# EXERCISE DATA

..............................

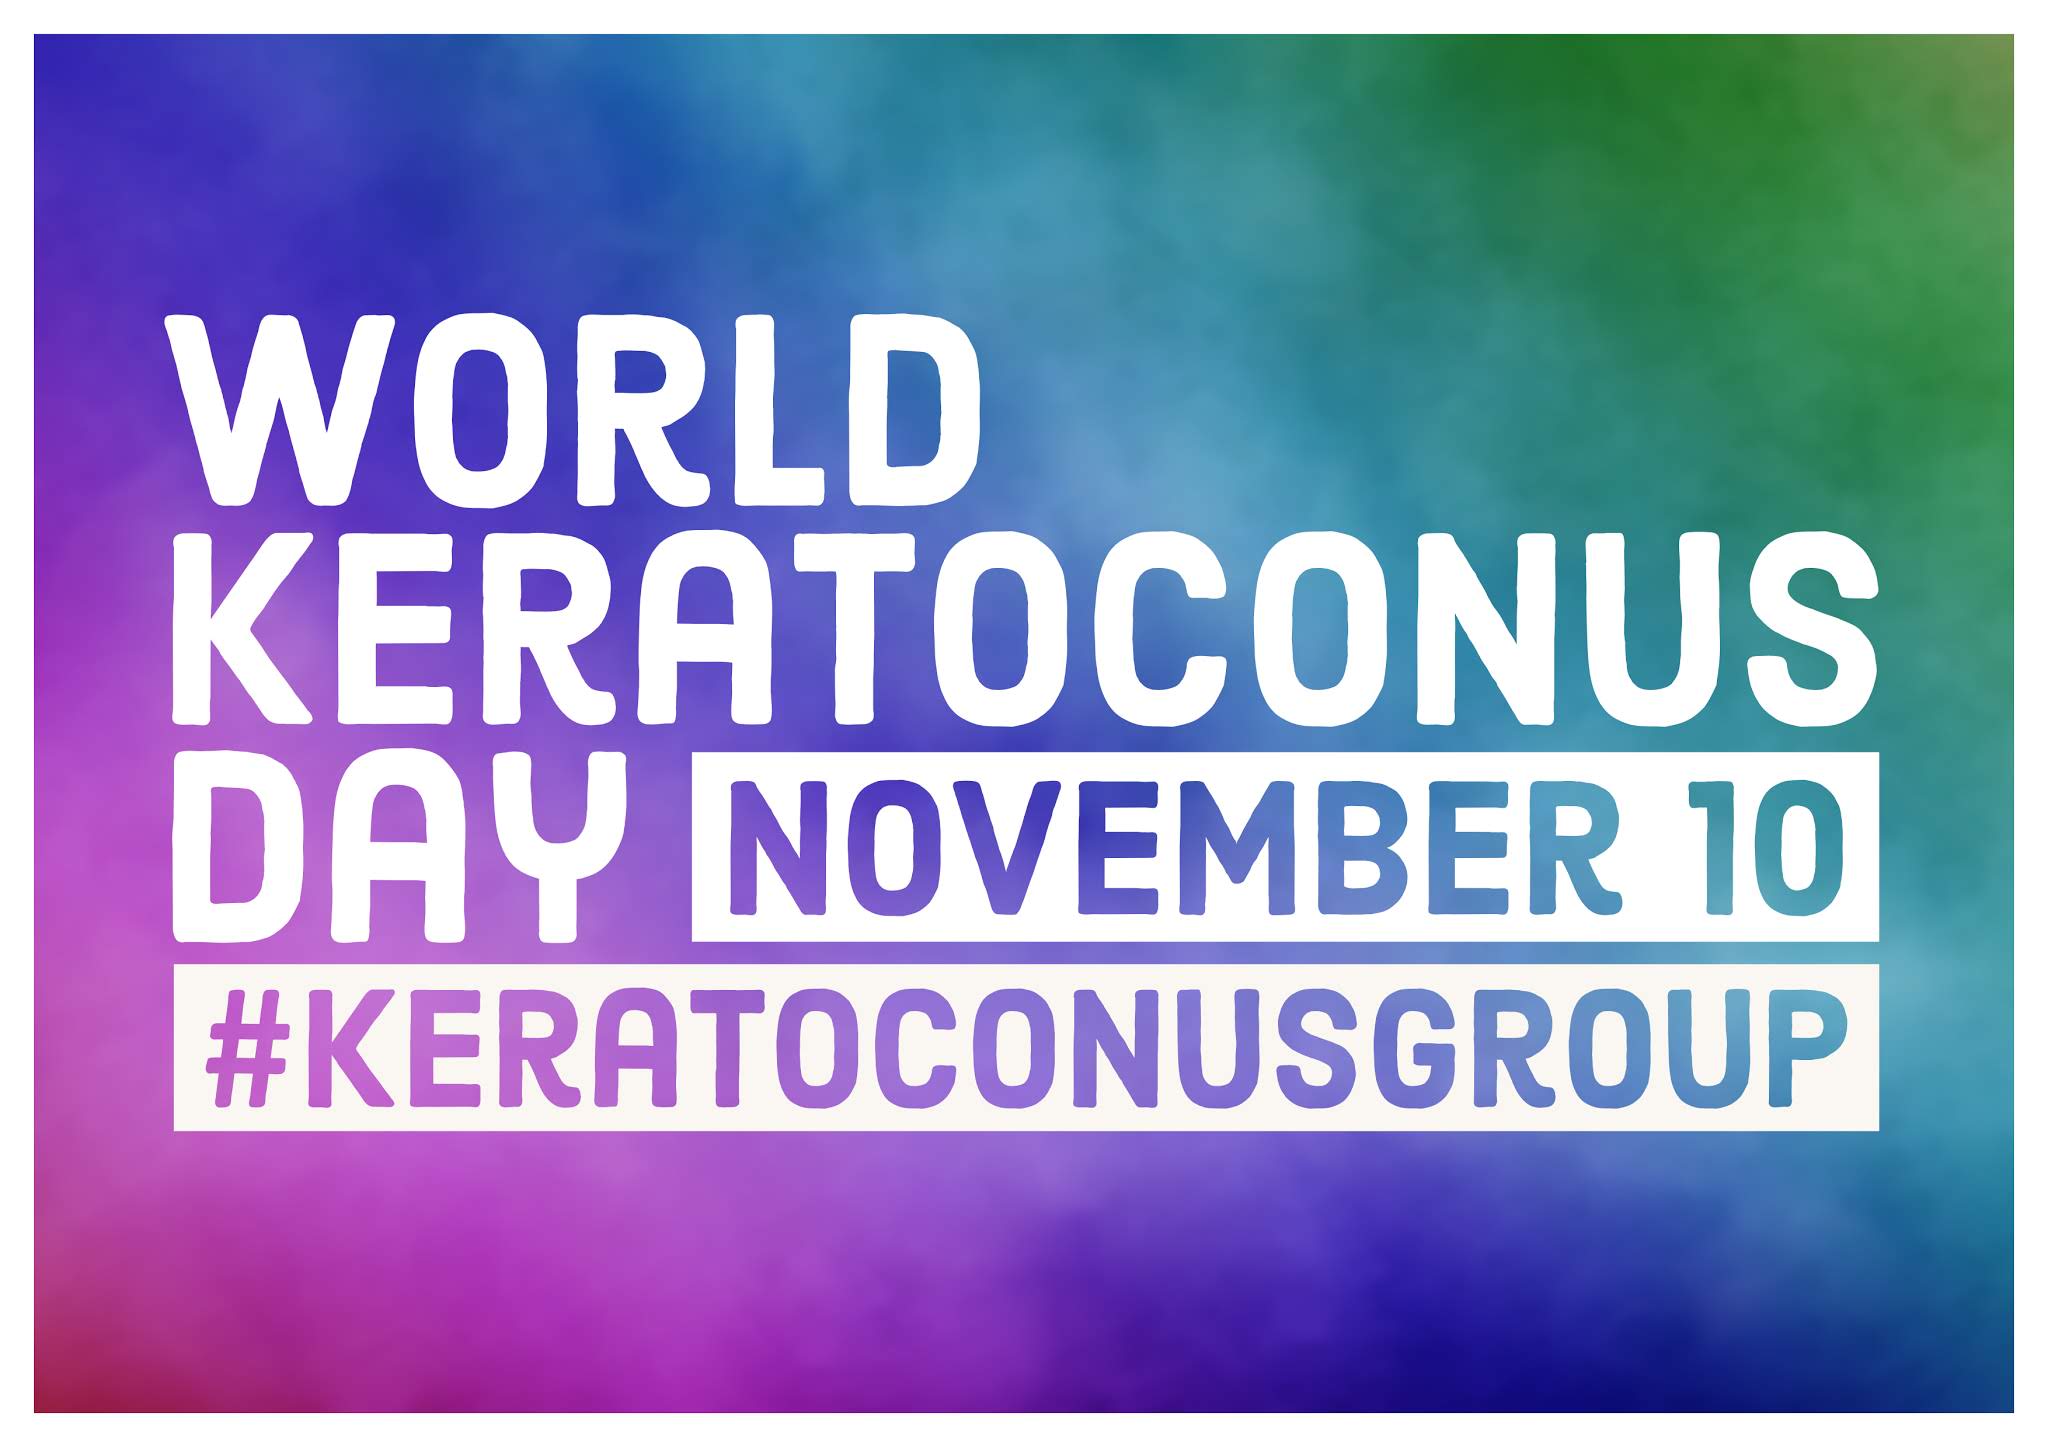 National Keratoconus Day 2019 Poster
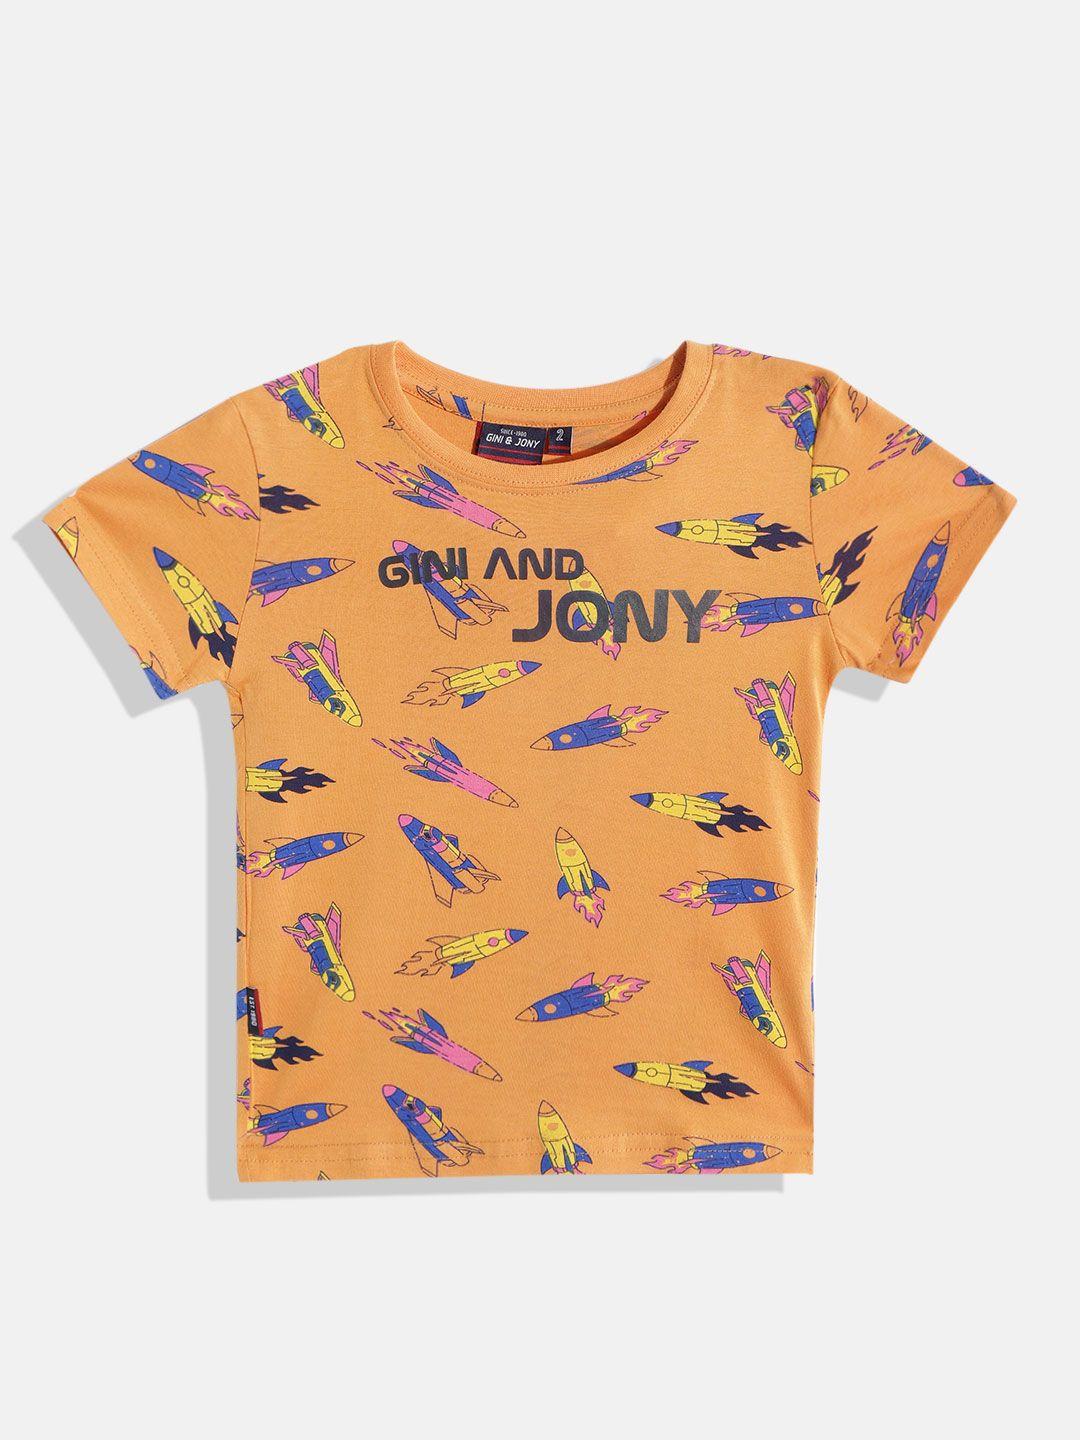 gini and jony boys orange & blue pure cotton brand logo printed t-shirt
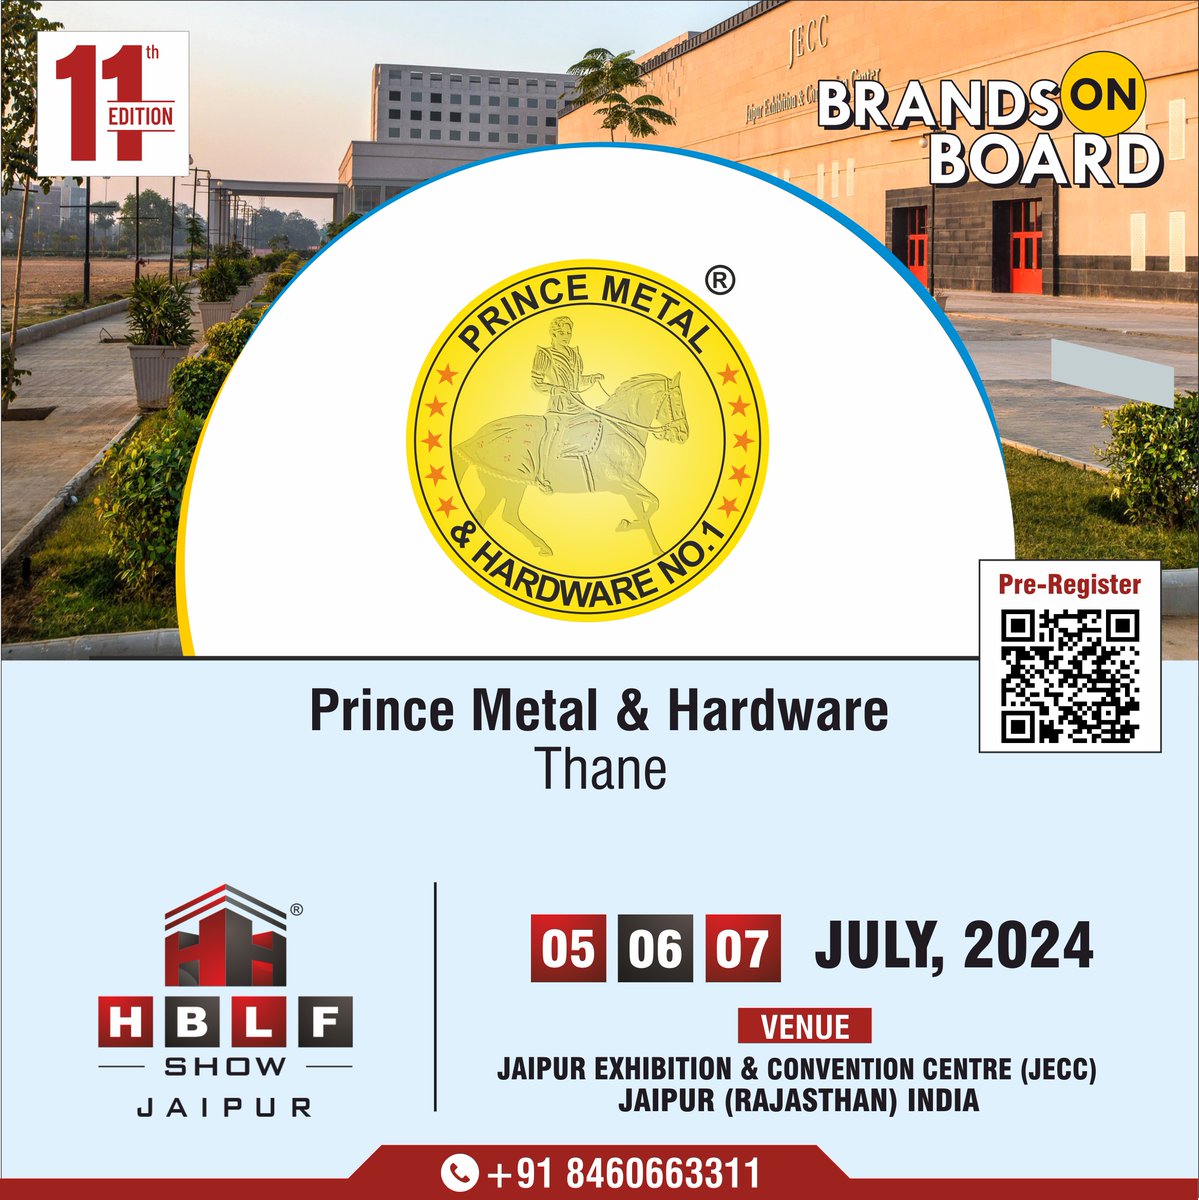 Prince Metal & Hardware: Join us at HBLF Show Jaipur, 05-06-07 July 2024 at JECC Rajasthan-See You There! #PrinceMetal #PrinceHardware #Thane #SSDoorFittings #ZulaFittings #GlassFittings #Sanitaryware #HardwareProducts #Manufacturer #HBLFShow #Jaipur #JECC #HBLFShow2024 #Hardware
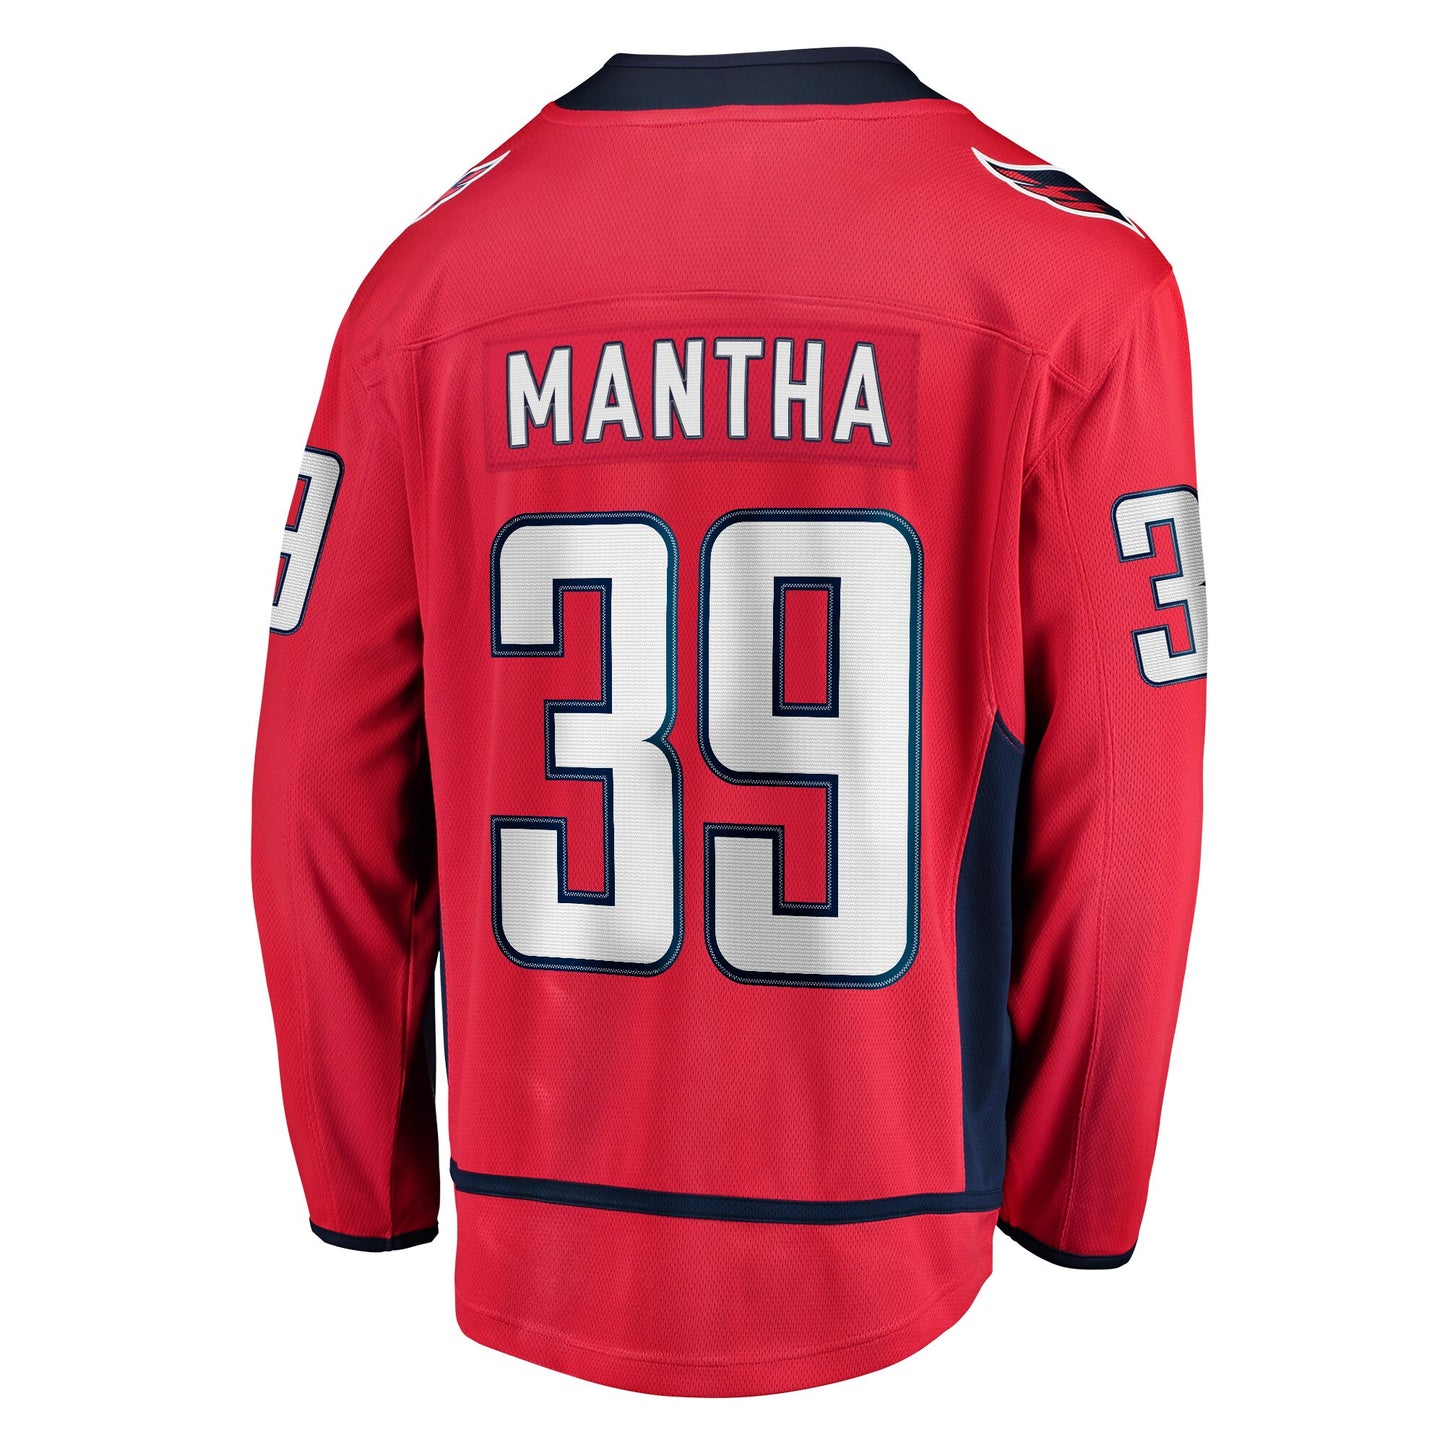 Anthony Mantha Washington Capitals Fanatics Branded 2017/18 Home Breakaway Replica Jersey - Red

..............................

# ACTIVITY
Where the line with "gini and jony" appears, begin there and transcribe exactly through the last line of the data, leaving all pictures aside.

# EXERCISE RESPONSE
 gini and jony boys orange & blue pure cotton brand logo printed t-shirt
 Prince Metal & Hardware: Join us at HBLF Show Jaipur, 05-06-07 July 2024 at JECC Rajasthan-See You There! #PrinceMetal #PrinceHardware #Thane #SSDoorFittings #ZulaFittings #GlassFittings #Sanitaryware #HardwareProducts #Manufacturer #HBLFShow #Jaipur #JECC #HBLFShow2024 #Hardware
 Anthony Mantha Washington Capitals Fanatics Branded 2017/18 Home Breakaway Replica Jersey - Red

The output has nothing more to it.